State Key Laboratory of Natural Medicines, Department of Organic Chemistry, China Pharmaceutical University , Nanjing, 210009, P. R. China.
Org Lett. 2017 Jul 7;19(13):3470-3473. doi: 10.1021/acs.orglett.7b01457. Epub 2017 Jun 9.

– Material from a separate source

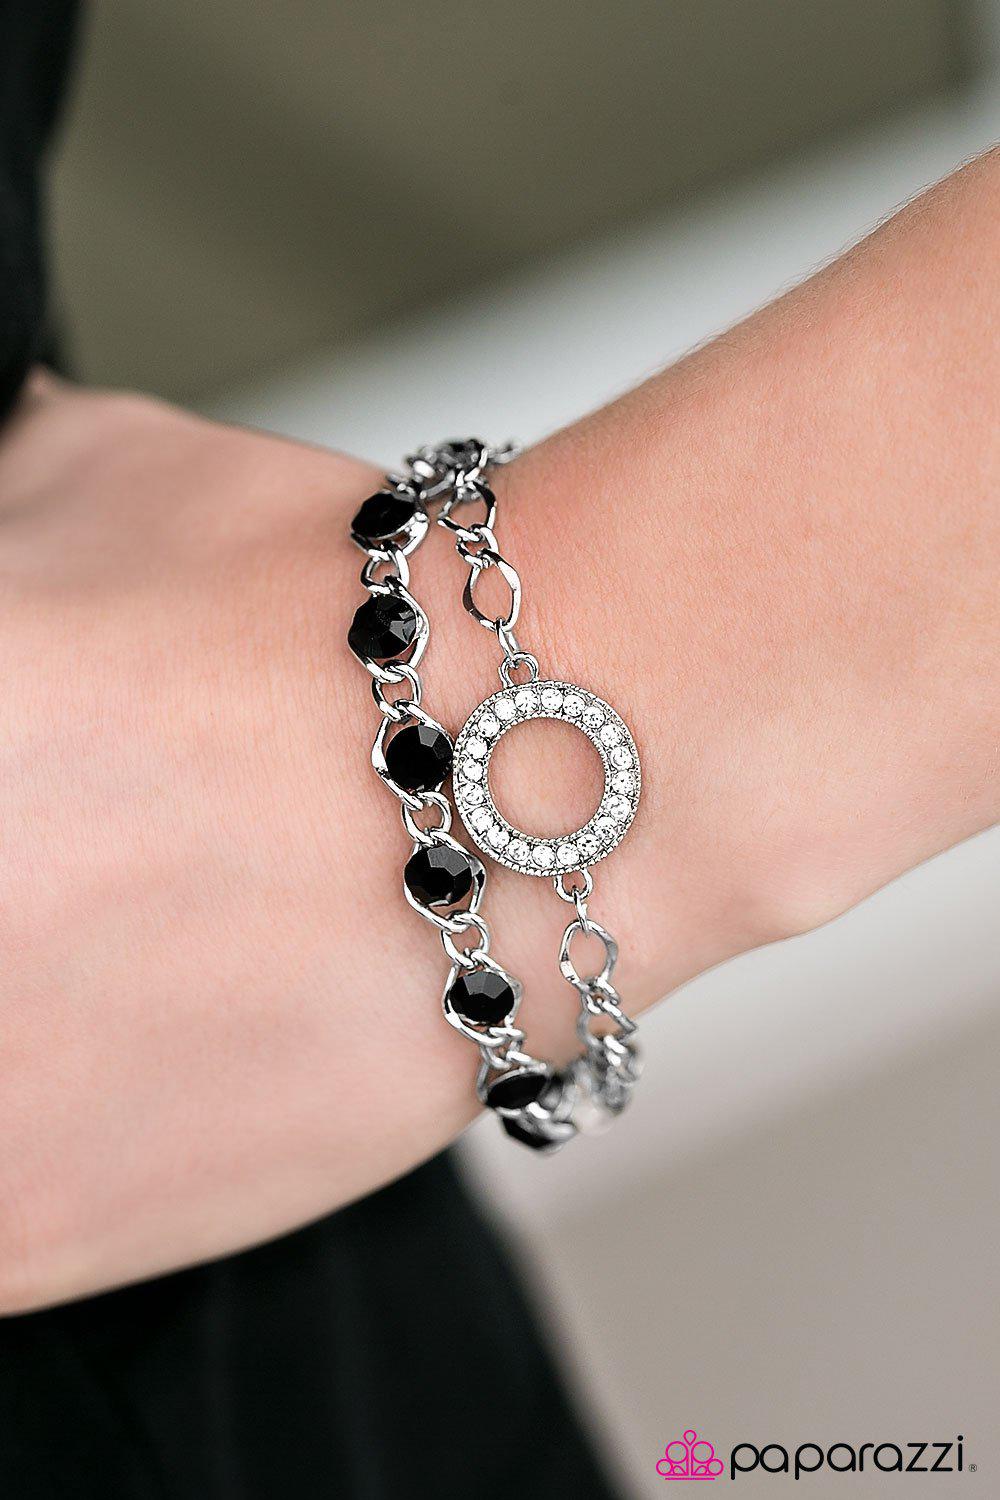 Everyday Shine Black Rhinestone Bracelet - Paparazzi Accessories-CarasShop.com - $5 Jewelry by Cara Jewels

An unprecedented formal [3 + 4] annulation of α,β-unsaturated acyl azoliums with 2-aminobenzenethiols has been utilized to synthesize enantioenriched N-H-free 1,5-benzothiazepines, which are recognized as privileged structures in numerous biologically active scaffolds. This protocol offers a rapid and direct pathway to access the target compounds with high enantioselectivities and has been applied in the concise synthesis of chiral drug (R)-thiazesim.
已利用α,β-不饱和酰基氮杂环丁烷与 2-氨基苯硫酚的空前的[3 + 4]环化反应,来合成对映体富集的无 N-H 的 1,5-苯并噻嗪,它们被认为是许多生物活性支架中的重要结构。该方案提供了一条快速而直接的途径来获得具有高对映选择性的目标化合物,并已应用于手性药物 (R)-噻嗪西姆的简洁合成中。